PROBLEM DETAILS - Repeat the listing exactly as given, omitting every image.

DATA PROVIDED -

Segment Open

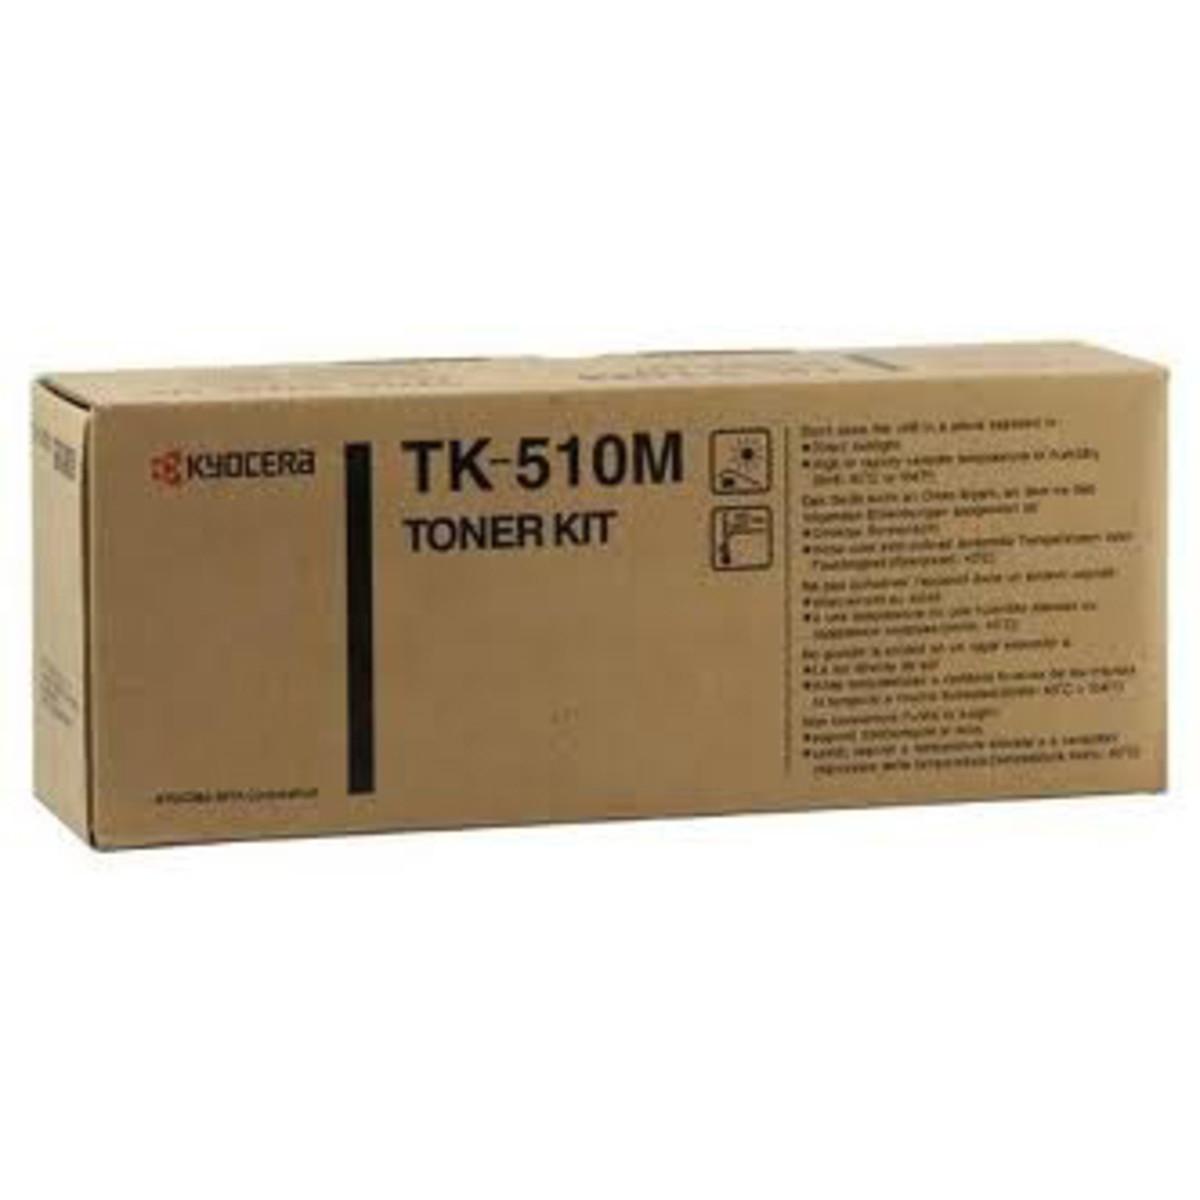 Kyocera TK-510M Magenta Toner Cartridge
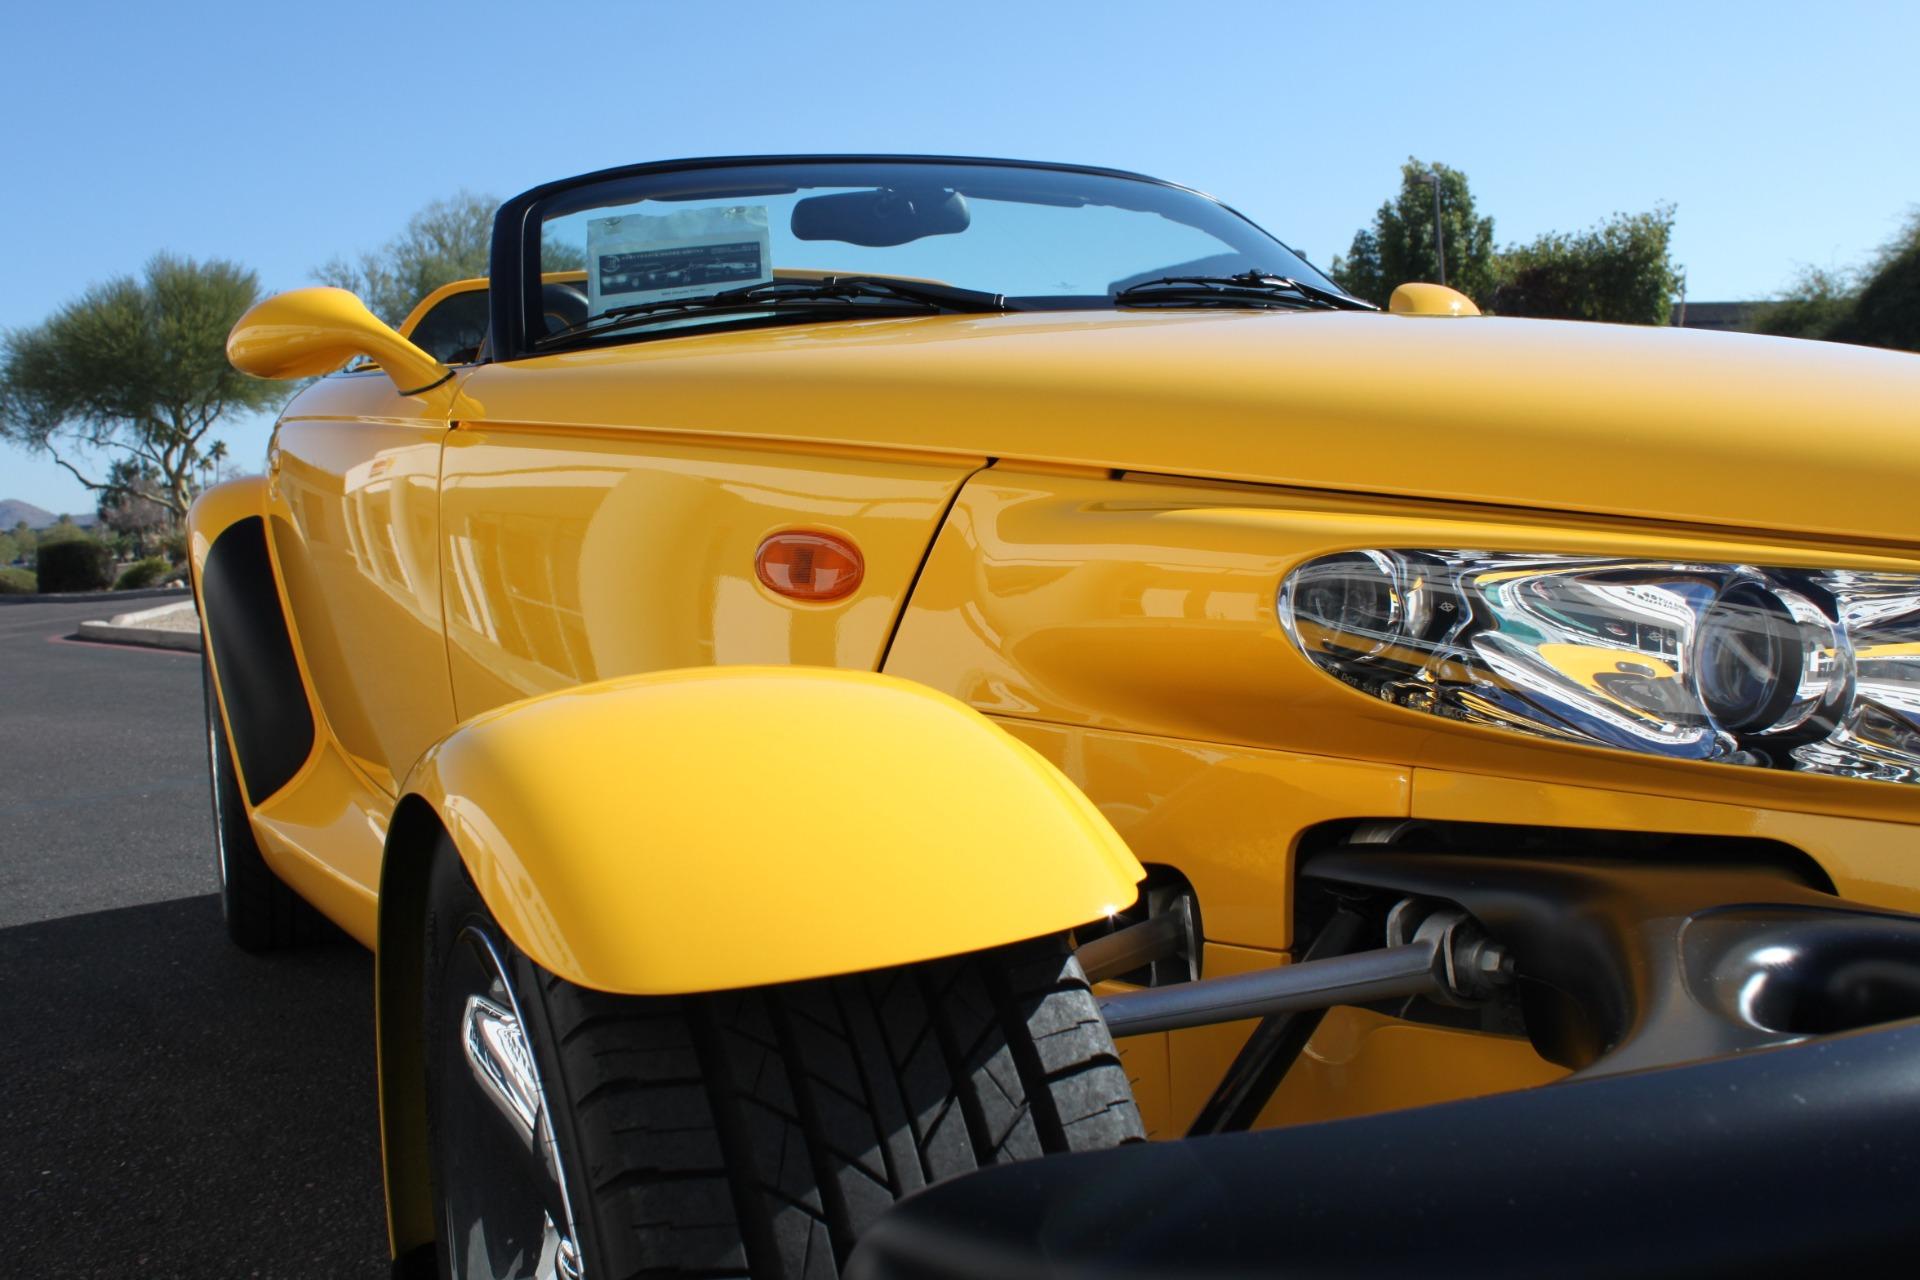 Used-2002-Chrysler-Prowler-Lexus
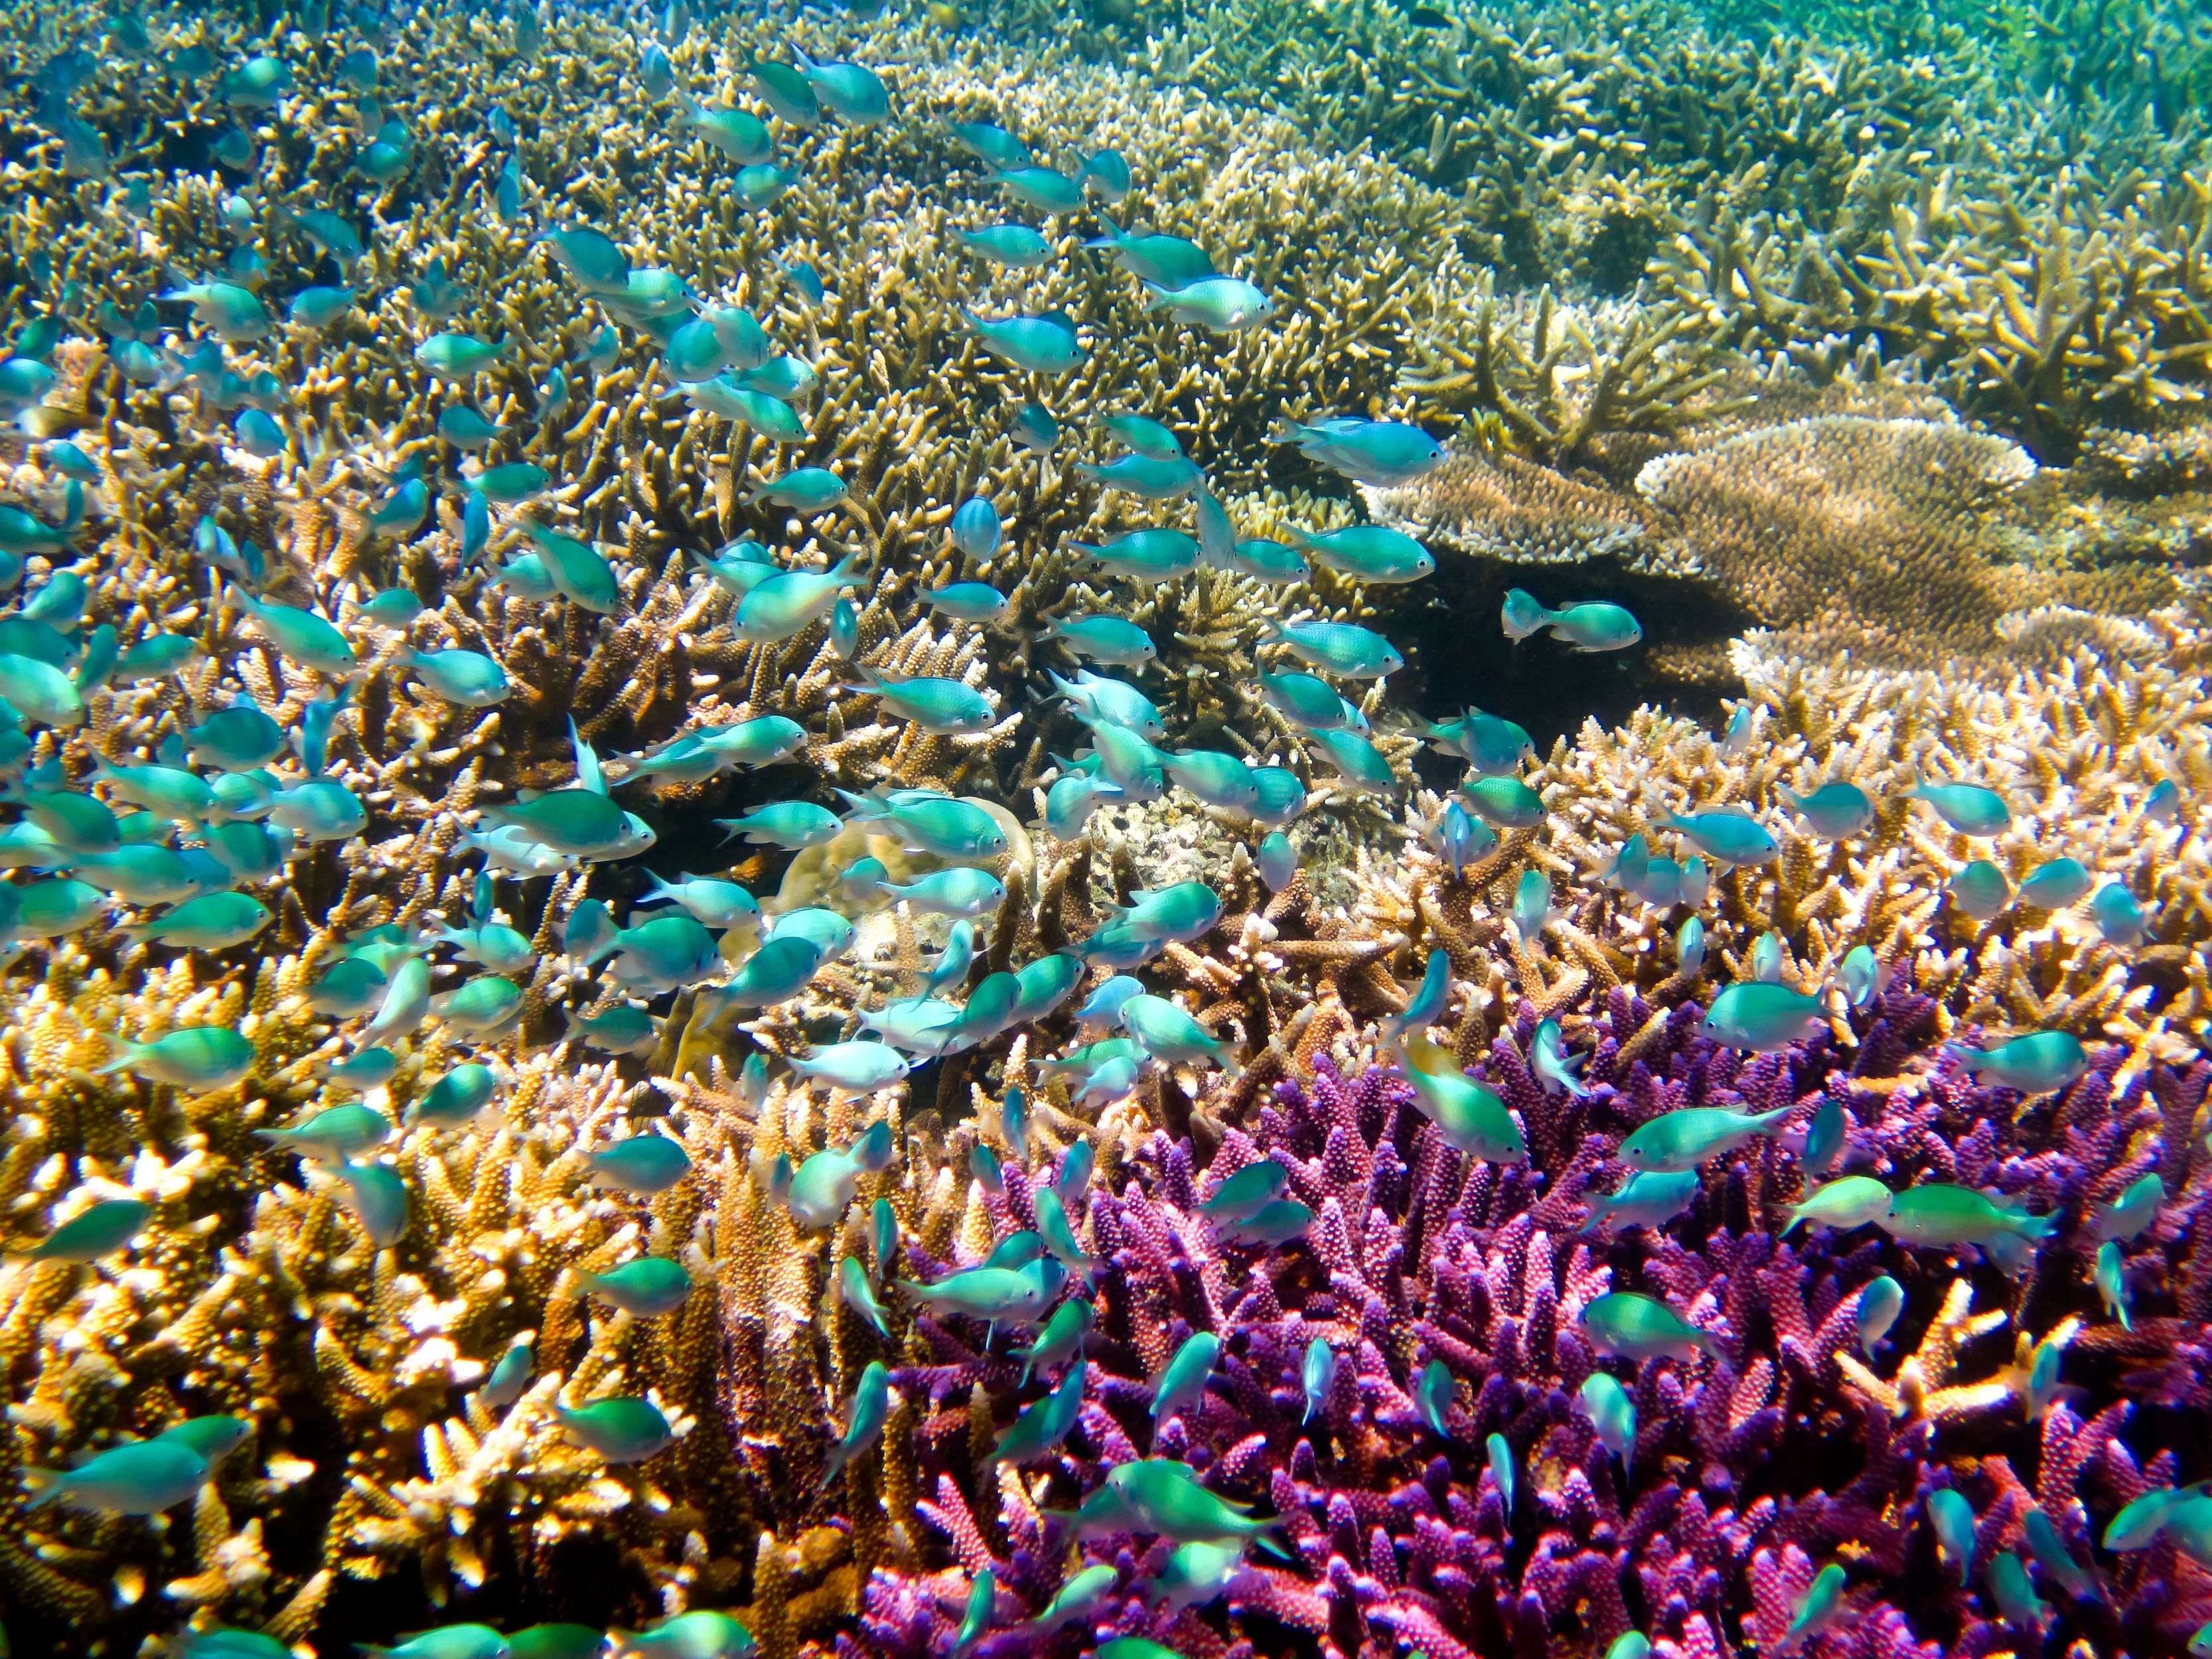 Colorido arrecife de coral con un banco de peces azules

Segment Closed

RESULT OF THE TASK -
 Kyocera TK-510M Magenta Toner Cartridge
 Used-2002-Chrysler-Prowler-Lexus
 Colorido arrecife de coral con un banco de peces azules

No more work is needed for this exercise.